But Genemarkers was among the Michigan businesses that recalibrated its work to help fill gaps in what the state needed to combat COVID — such as medical devices, personal protective equipment and clinical services. Its pivot to COVID testing marked a dramatic change for the company, but also provided an injection of state and federal funding, which allowed Genemarkers to boost its staff at a critical time. 

“We learned about our own capabilities … and felt like we played a significant role in helping our community,” Langerveld told Bridge Michigan about the last two years.

Ray Albert
Ray Albert, Genemarkers employee, and CEO Anna Langerveld look at test kits that will be sent to COVID clients. (Bridge photo by Paula Gardner)

Genemarkers took on regular, high-volume testing for many of the state’s skilled nursing facilities. Some had mandates to test biweekly, which exceeded the capacity of hospitals and established labs. The company also helped independent pharmacies and colleges start testing programs.

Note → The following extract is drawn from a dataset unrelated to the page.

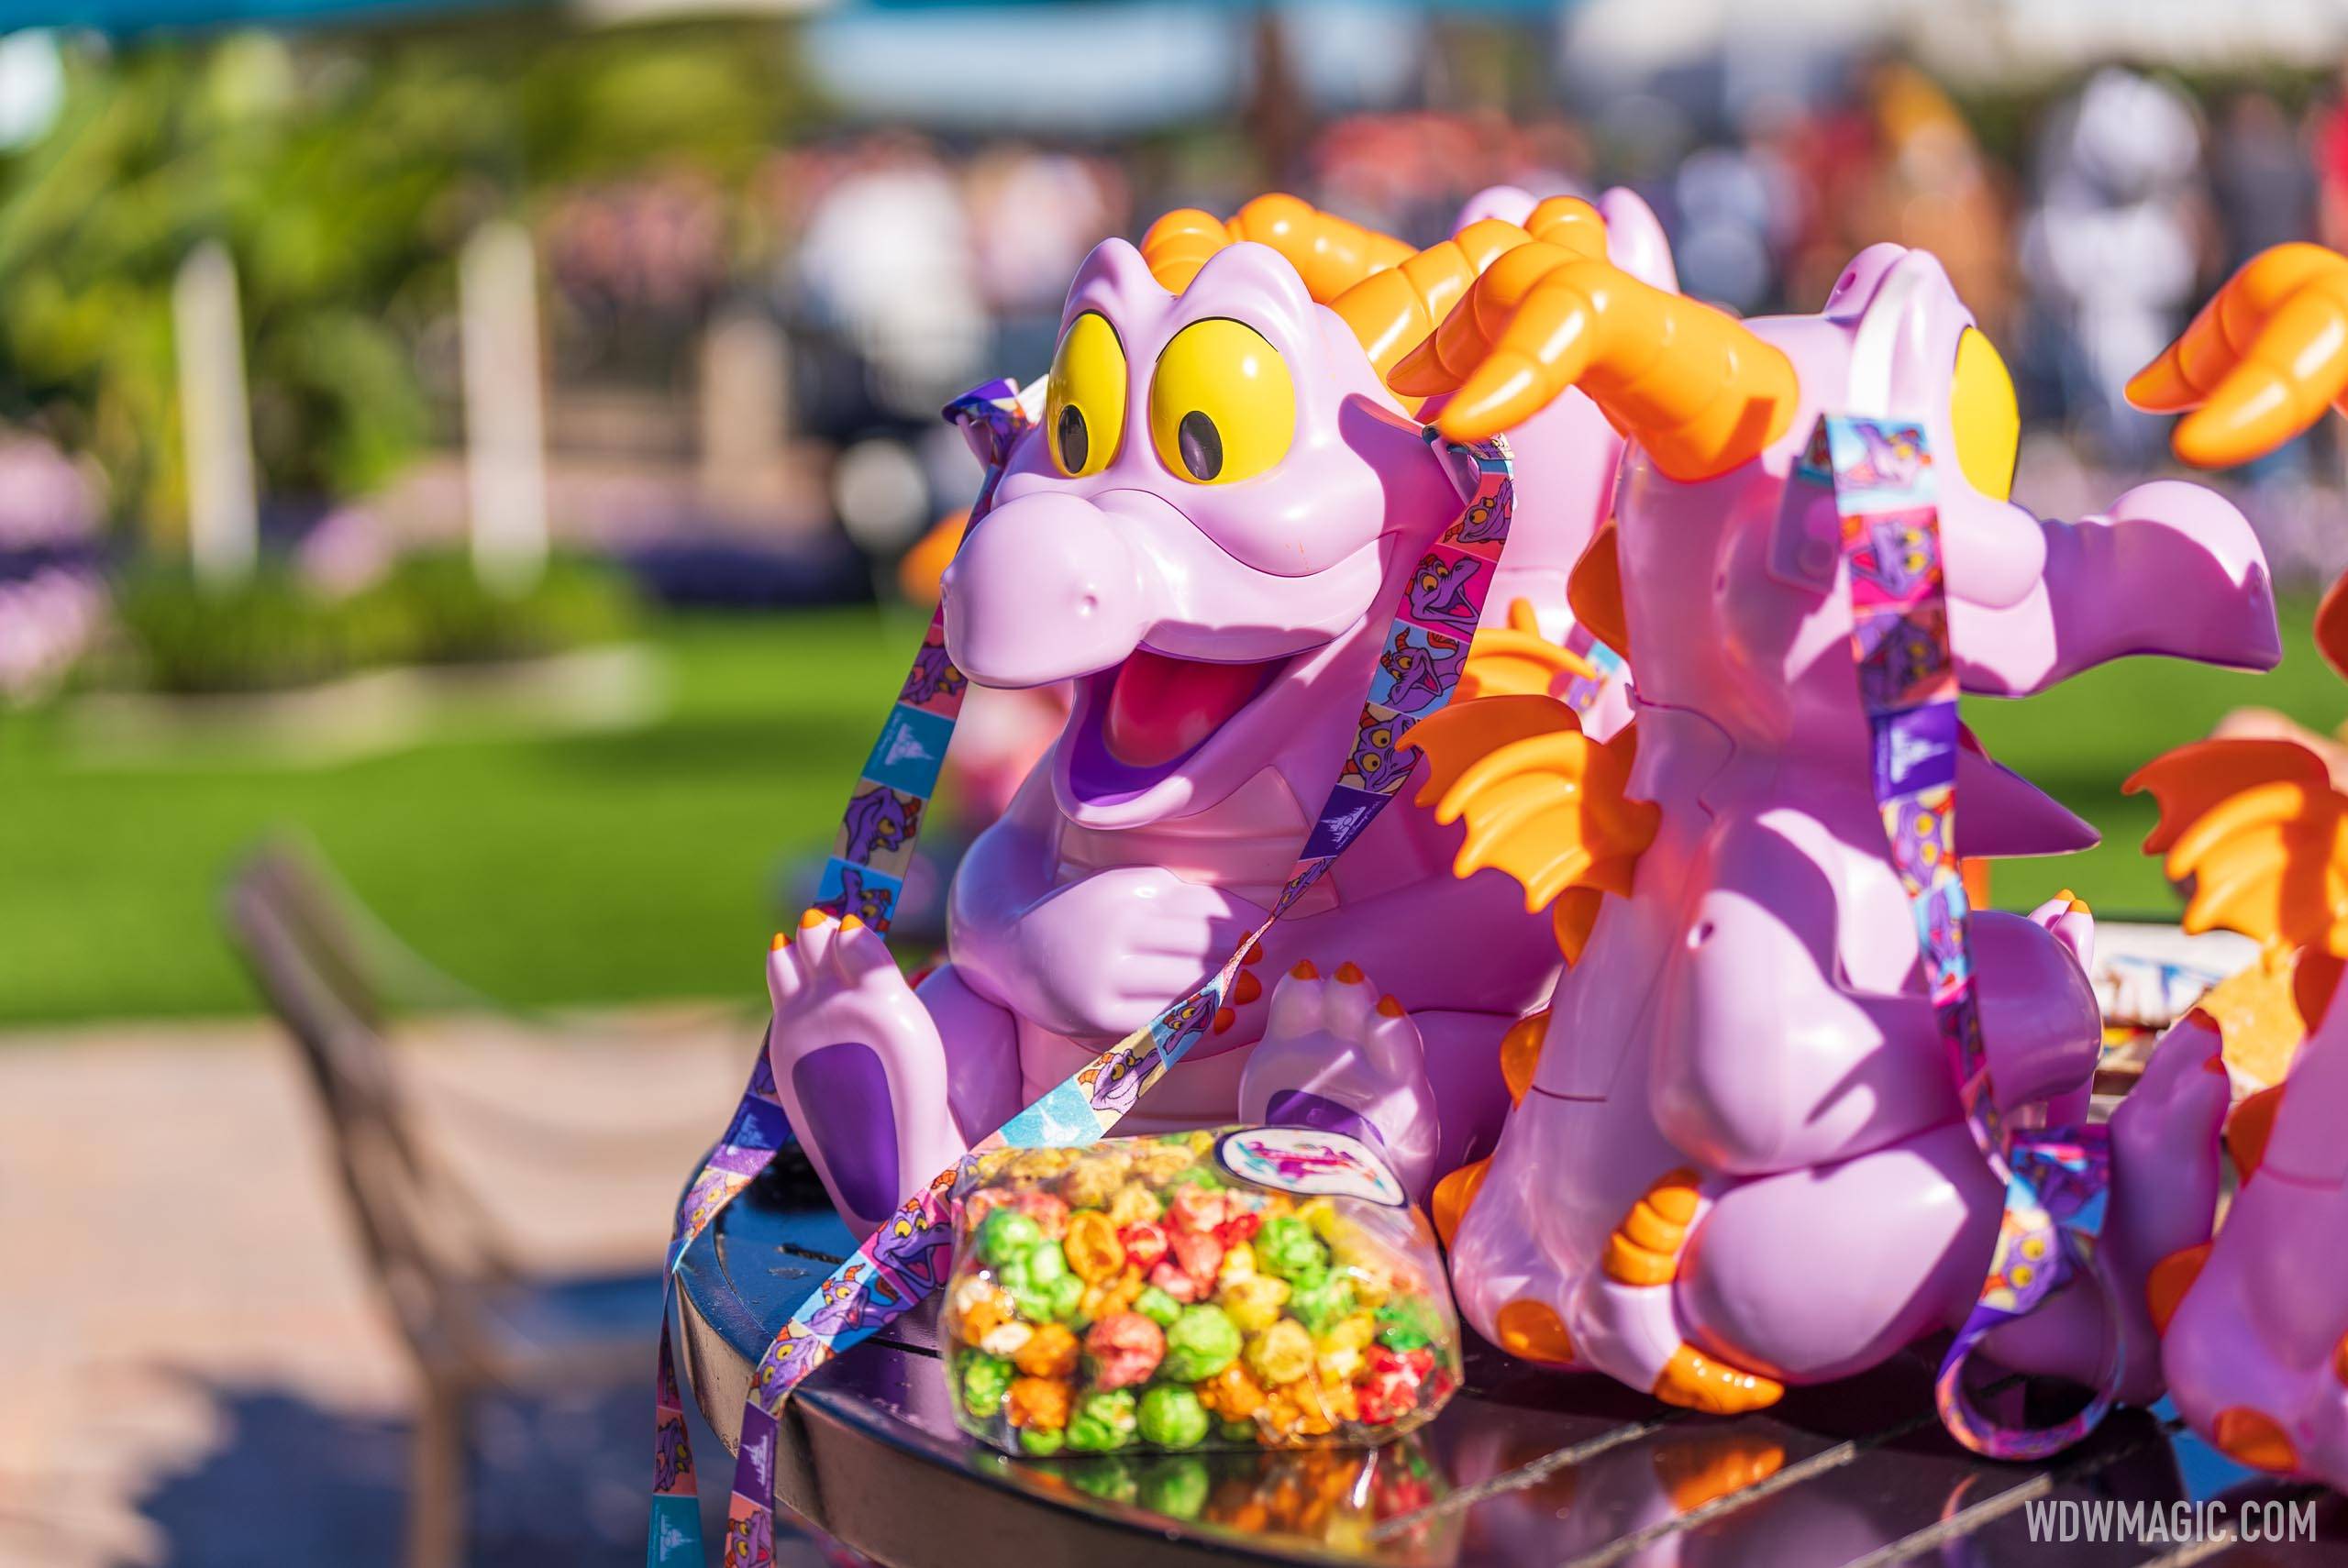 The Figment Premium Popcorn Bucket is back in stock at EPCOT with a much easier purchase option

Genemarkers was among 12 Michigan small businesses that in mid-April 2020 shared $1 million in grants to retool and manufacture pandemic-related supplies. More than 300 companies applied for the funds.

Genemarkers joined companies like TentCraft in Traverse City, which pivoted to making portable medical tents, and Oxus America Inc., which made a key part for ventilators, in retooling its business to meet the pandemic moment.

The virus generated fast opportunities in the often slow-moving life sciences sector.

“It’s created a whole new market, and allowed companies like Genemarkers and others to expand,” said Stephen Rapundalo, president and CEO of MichBio, the state’s life sciences industry organization.

lab coolers read
A row of coolers line a wall at Genemarkers, waiting for the night's deliveries of swabs that need to be tested for COVID. (Bridge photo by Paula Gardner)

Rapundalo said that for many of the companies their temporary COVID focus  generated income that now will fund post-pandemic growth. He estimates that at least a dozen Michigan companies that either shifted their focus to pandemic testing or were formed solely for that work  will leverage the experience to build stronger companies for the future. 

Among them are LynxDx of Ann Arbor, which says it remains committed to developing prostate cancer screening tools after switching to COVID tests, and Rapid Bio of Plymouth Township, which recently told Crain’s Detroit Business that it will invest into new uses for its Covid-testing equipment, possibly by testing for sexually transmitted diseases and urinary tract infections.

Genemarkers was founded in 2007 by Langerveld, a former researcher at Western Michigan University, which invested in the startup. Before the pandemic, its core business involved using artificial pieces of skin to test products for skincare companies that needed to outsource this work. It had also begun research to determine whether CBD was beneficial in those products. 

But when the pandemic hit, most companies Genemakers worked for temporarily shut down. 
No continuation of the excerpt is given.